Atwood's published works, exclusive of papers contributed to the Philosophical Transactions, for one of which he obtained the 1796 Copley Medal, are as follows:
- "Description of the experiments, intended to illustrate a course of lectures, on the principles of natural philosophy" (1781)
- Analysis of a Course of Lectures on the Principles of Natural Philosophy (Cambridge, 1784).
- Treatise on the Rectilinear Motion and Rotation of Bodies (Cambridge, 1784), which gives some interesting experiments, by means of which mechanical truths can be ocularly exhibited and demonstrated, and describes the machine, since named after Atwood, for verifying experimentally the laws of simple acceleration of motion.

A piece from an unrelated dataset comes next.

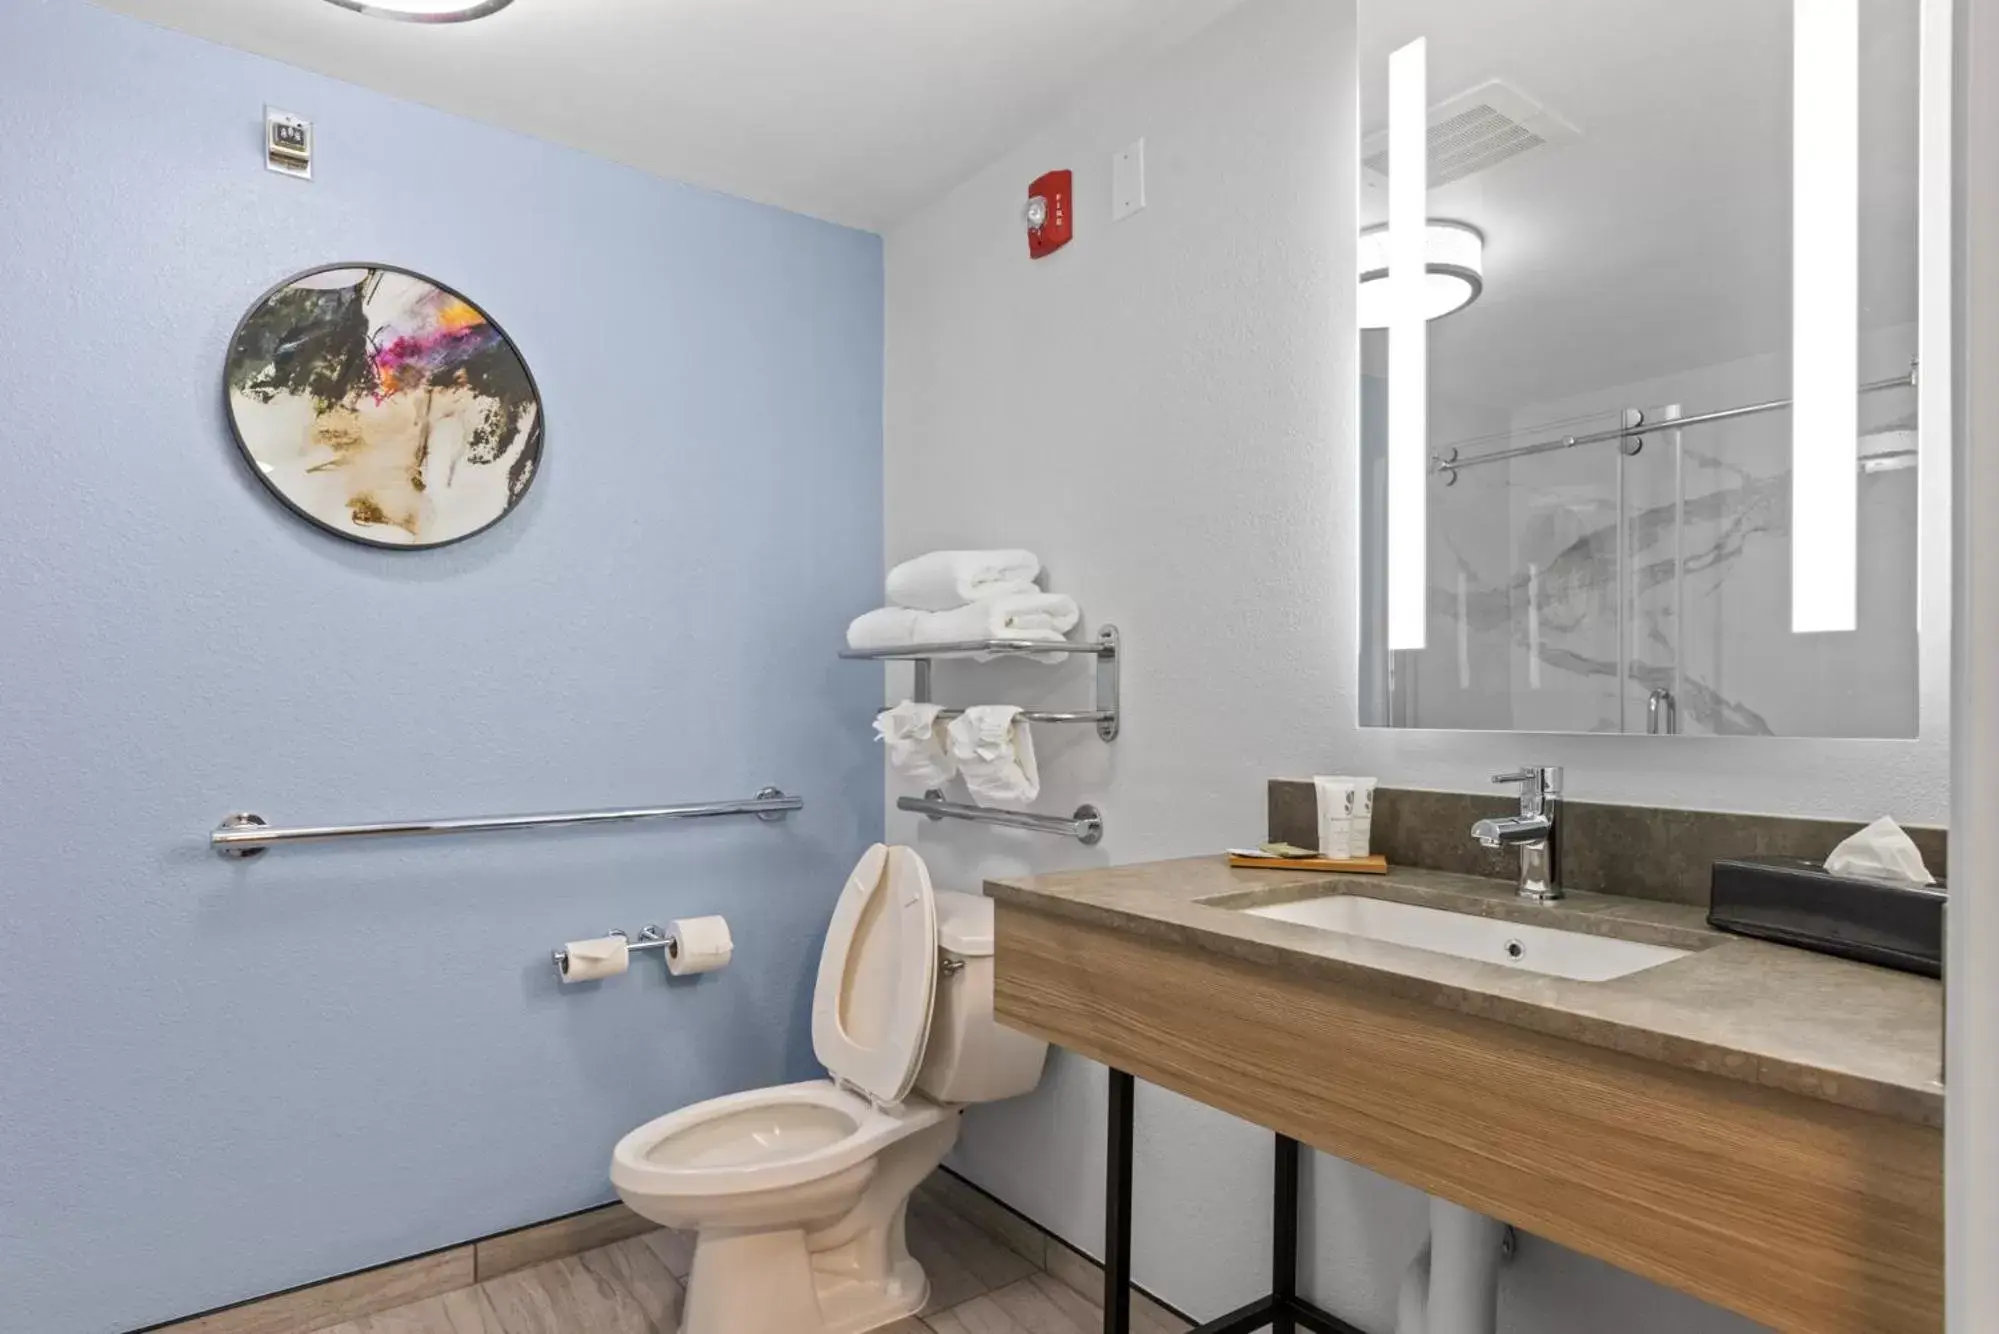 Bathroom in Country Inn & Suites by Radisson, Savannah Airport, GA

- The construction and analysis of geometrical propositions, determining the positions assumed by homogeneal bodies which float freely and at rest on a fluid surface, Philosophical Transactions of the Royal Society (London, 1796); (portuguese translation, 1798).
- Review of the Statutes and Ordinances of Assize which have been established in England from the 4th year of King John, 1202, to the 37th of his present Majesty (London, 1801), a work of some historical research.
- Dissertation on the Construction and Properties of Arches (London, 1801).
- Chess games recorded by Atwood were published posthumously by George Walker in London in 1835, under the name Selection of Games at Chess, actually played by Philidor and his Contemporaries. Atwood was one of a few masters that could beat Verdoni on occasion.